Il 17/12/2020 13:33, Chris Angelico ha scritto:
On Thu, Dec 17, 2020 at 11:16 PM jak <nos...@please.ty> wrote:
Il 17/12/2020 12:40, Peter J. Holzer ha scritto:
On 2020-12-17 12:16:29 +0100, jak wrote:
print(_ if d.get('a', None) is not None else get_default())
That doesn't work:
print(_ if d.get('a', None) is not None else get_default())

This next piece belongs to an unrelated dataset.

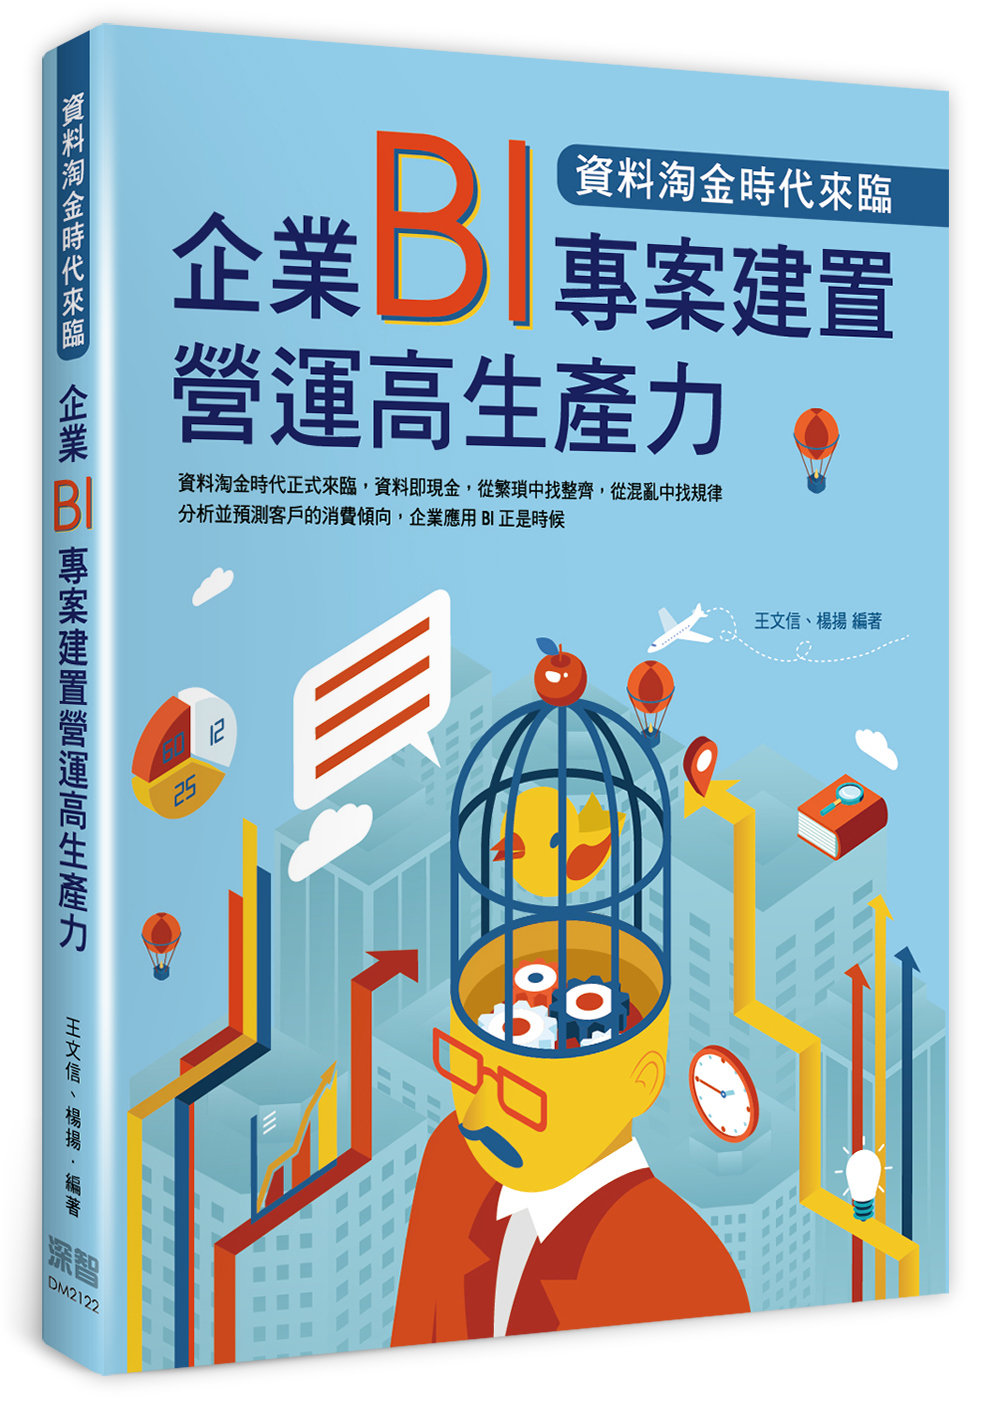 資料淘金時代來臨:企業BI專案建置營運高生產力-preview-1

Traceback (most recent call last):
File "<stdin>", line 1, in <module>
NameError: name '_' is not defined
But this works:
print(_ if (_ := d.get('a', None)) is not None else get_default())
1
(I would prefer ChrisA's solution, though.)
hp
this one?
""""
D['a'] if 'a' in D else get_default()
ChrisA
""""
This solution search two times same key.
Yes, it does, but hash lookups are pretty fast. Unless your key is
some sort of custom object with a very expensive __hash__ function,
the double lookup isn't going to be too costly. But if that does
bother you, you can write it as a try/except instead.
ChrisA
try/except is a very expensive time. if we have a small dictionary in
which you do little research, you definitely have reason. I would be
curious to see the differences by taking times with 50 / 60K records by
repeating the search 1 or 2 million times with and without try/except
and also searching 1 or 2 times too.